It comes with a bombproof roof, too.
Additional layers of physical security include: video cameras, minefields, barbed wire, electric fences, armed guards – even unmarked Apache helicopter gunships.
Oh, and it’s stationed on a 109,000-acre U.S. army post.
So what’s inside?
Well, it depends on who you ask.
The government will tell you that almost 5,000 metric tons of gold, or roughly 3% of all the gold ever refined throughout human history, is safely sealed inside the vault.
Others will tell you that the vault (the United States Bullion Depository – known as Fort Knox) is totally empty.
What if the skeptics are right? And all this protection is just an elaborate cover-up?
What if there’s actually no gold at Fort Knox?
Let’s dig a little deeper…

Send the Auditors to Fort Knox!

In light of the revelations from NSA whistle-blower, Edward Snowden, it’s even harder now to trust Washington politicians.
The government has been doing a lot of things that it said it wasn’t for years (i.e. – spying on citizens). And that naturally makes me wonder what else it might be up to.
I’m not alone, either.
Three-time presidential candidate, Ron Paul, has long questioned the amount of gold at Fort Knox. He even went as far as introducing legislation in 2011, which proposed an audit.
One thing we can all agree on is this: Lack of transparency always leads to corruption. So Paul’s audit demand seems reasonable. Especially considering that the world’s publicly traded companies must undergo annual audits. Why should the Federal government be immune?
Amazingly, though, the last audit of Fort Knox occurred in 1953, right after President Eisenhower’s inauguration. Except no outside experts were permitted, and only about 5% of the gold was tested. So there’s been no full audit in over 60 years!
Over that time, however, the government has sold its gold – reducing its holdings from about 20,000 metric tons in the 1950s, to the current level of 8,133 metric tons.

0713_TrustGovernment.png
So are we just supposed to trust that the government stopped selling? In this day and age, that’s a pretty tall order!
Just ask the Germans.
In late 2012, Germany’s federal court ordered its central bank to conduct annual audits and physically inspect gold deposits worldwide – including in the United States. For decades, the Bundesbank had relied on written confirmation.
Why the sudden change of heart? It makes me wonder…

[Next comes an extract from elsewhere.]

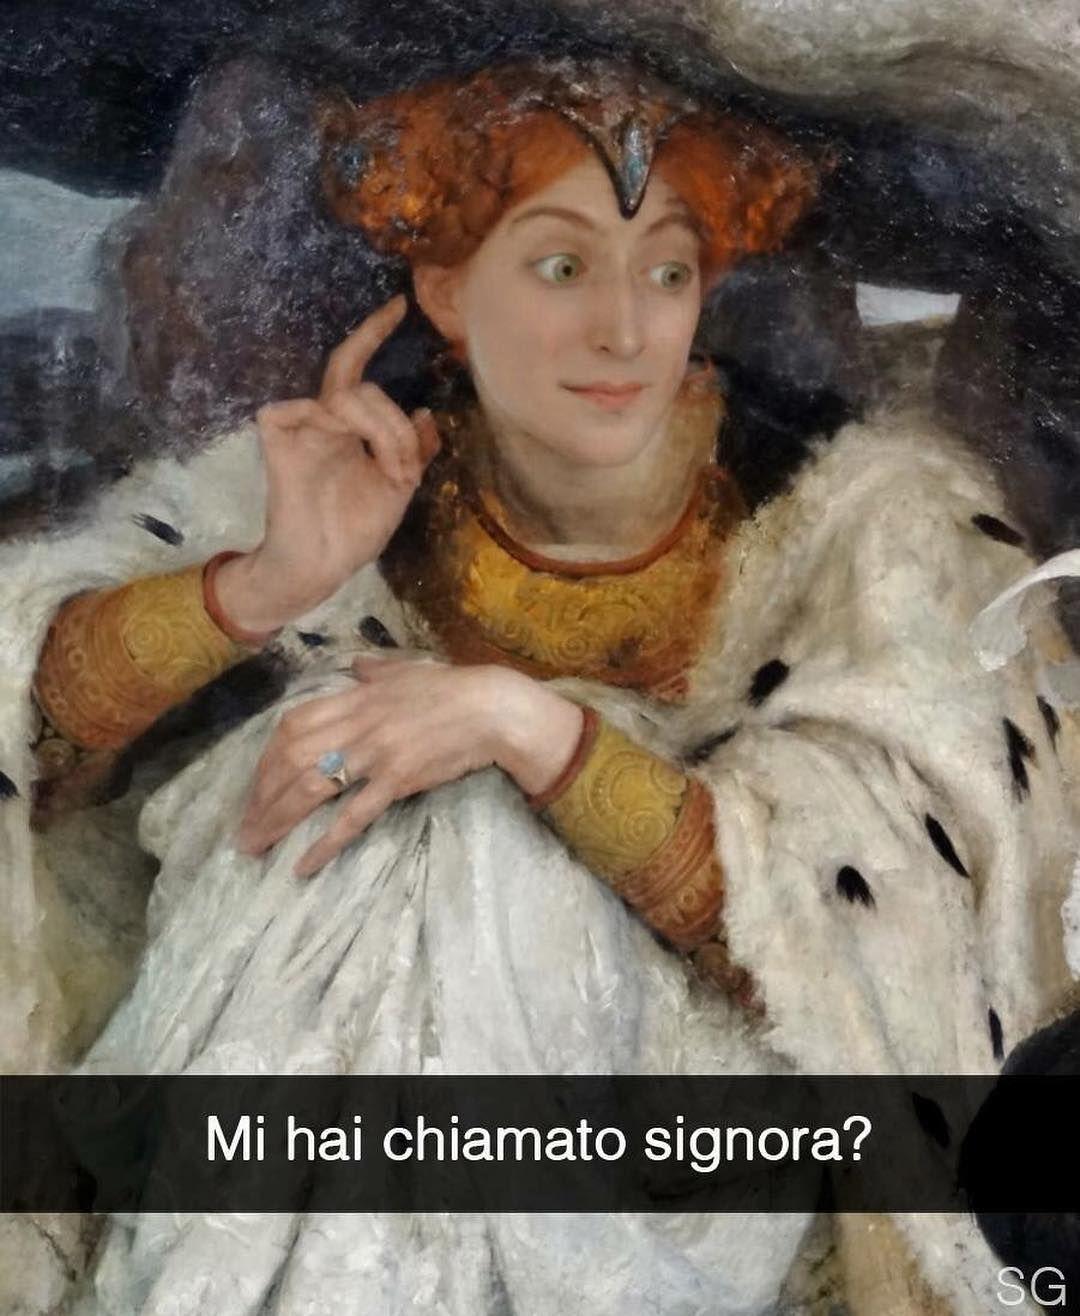 Aggiungimi su Snapchat: stefanoguerrera  La Légende Bretonne - Edgard Maxence (1906)  #seiquadripotesseroparlare

A More Fundamental Question

Let’s give the government the benefit of the doubt for a (brief) moment and ask: Why do we even have gold reserves?
The gold bars, packed tightly into a secure vault, were supposed to give us confidence in our country’s currency. But we cast off the gold standard in 1971 and stopped redeeming currency for gold. So nowadays, gold reserves are nothing more than an asset on the Fed’s balance sheet, not an integral part of our monetary system.
So what gives with clinging tightly to it?
Fed Chairman Ben Bernanke says that it’s the result of “long-term tradition.”
Mark Zandi, Chief Economist at Moody’s Analytics says, “It may lend some confidence to investors that we have large gold reserves. But it’s more symbolic than substantive.”
Meanwhile, former Fed Chairman Alan Greenspan reportedly said, we hold onto the huge reserves “just in case we need it.” (That’s comforting.)
In the end, if there’s no real purpose for the gold reserves, then why worry about an audit at all?

A Crisis of Confidence

One reason the government might not want an audit is because it would lend importance to an asset that it swears is unimportant.
Or as hedge fund manager James Rickards puts it, “An audit would give gold too much credit and start to erode the official propaganda that gold is not a monetary asset. After all, no one audits the number of acorns in the national parks… They are too unimportant.”
Makes sense. Yet, I don’t think that’s substantive enough to justify the refusal.
What’s more likely is that an audit would raise more questions than it answers. Like, if the gold is really there, does it really all belong to the government?
I say that because central banks routinely lease or lend out gold. But current reporting guidelines don’t require them to distinguish between gold owned outright and gold swapped with another party.
Instead, the U.S. Treasury simply states its holdings as “gold (including gold deposits and gold swapped).” Or in the British government’s case, “gold (including gold swapped or on loan).”
Again, such a lack of transparency opens the door to abuse. Not only could all the gold be on loan (perhaps on unfavorable terms), but banks could also be “re-loaning” that very same gold, thereby creating a “paper pyramid of gold.”
The process is known as “rehypothecation,” and it’s exactly what happened during the mortgage crisis with collateralized debt obligations. And we all know how that ended.
An audit might also reveal that the government dumped some gold on the world markets to manipulate prices. (Yes, governments have done that before.) And if the U.S. government even sold a little without telling us, trust would be irreversibly broken.
More spectacularly, an audit might reveal that Fort Knox is littered with gold-painted tungsten. Here, too, a precedent exists, as counterfeit bars turn up from time to time. Although I doubt a government would confess to being so incredibly duped.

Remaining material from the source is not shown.